──────── PROVIDED ENTRIES

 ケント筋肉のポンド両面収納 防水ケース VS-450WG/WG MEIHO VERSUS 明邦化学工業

────────────────
──────── PROVIDED ENTRIES

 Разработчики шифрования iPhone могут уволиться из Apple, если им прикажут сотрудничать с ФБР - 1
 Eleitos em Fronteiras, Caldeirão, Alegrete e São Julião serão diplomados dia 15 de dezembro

────────────────
──────── PROVIDED ENTRIES

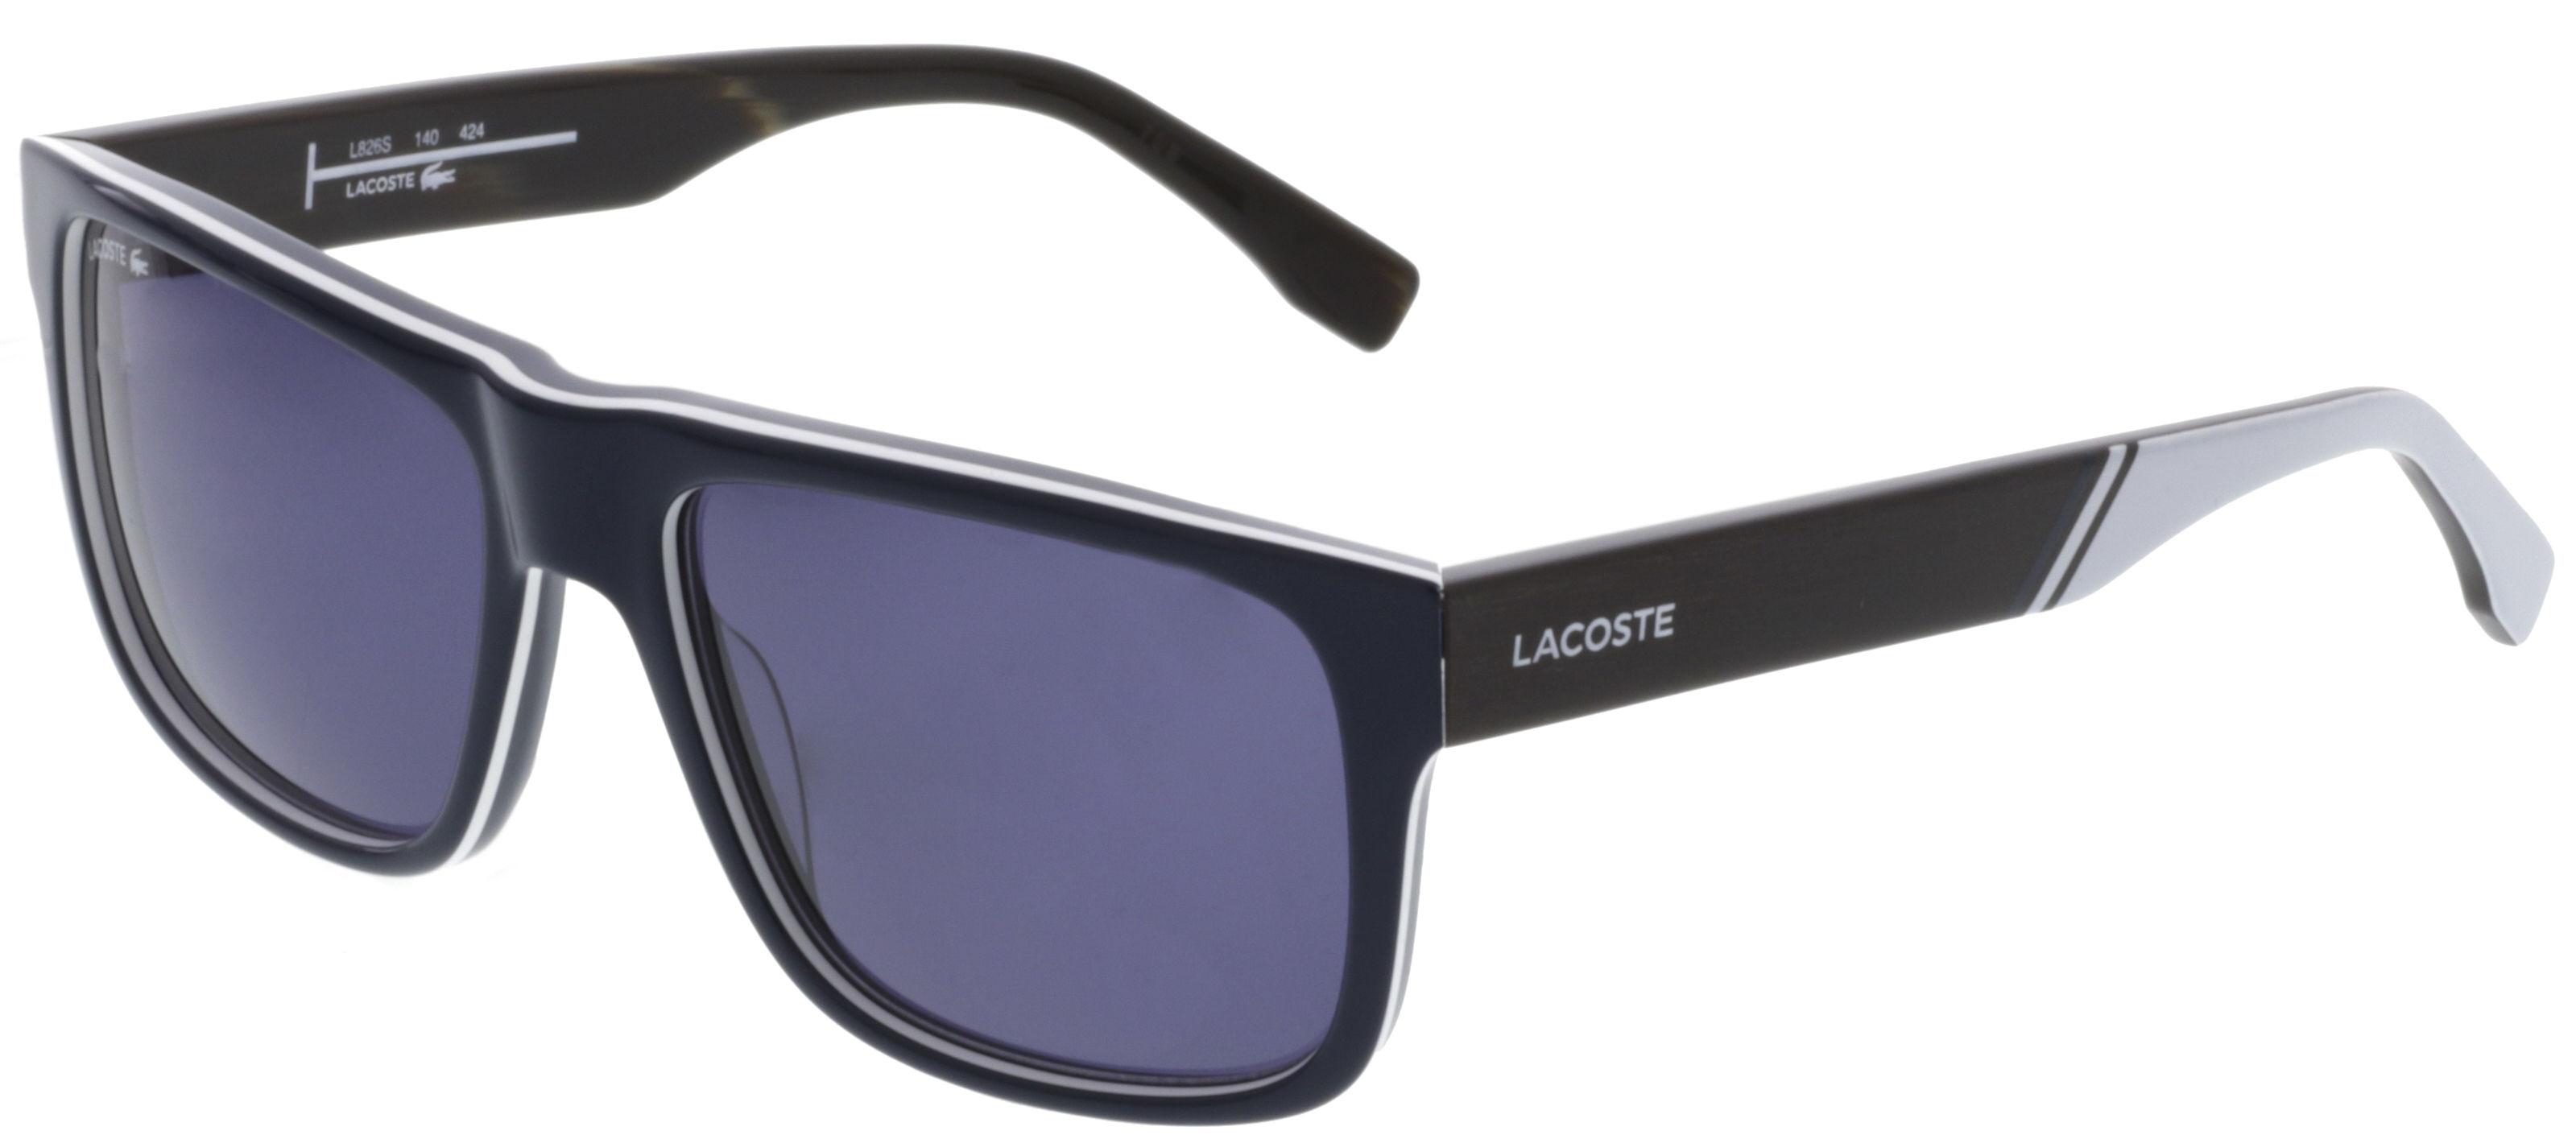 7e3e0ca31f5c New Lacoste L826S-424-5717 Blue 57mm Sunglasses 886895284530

────────────────

• EXERCISE DIRECTIONS
Of all the entries above, retype exactly the lines from the line with "Разработчики шифрования iPhone" to the line with "Eleitos em Fronteiras, Caldeirão, Alegrete", both included, and no others.

• RESPONSE
 Разработчики шифрования iPhone могут уволиться из Apple, если им прикажут сотрудничать с ФБР - 1
 Eleitos em Fronteiras, Caldeirão, Alegrete e São Julião serão diplomados dia 15 de dezembro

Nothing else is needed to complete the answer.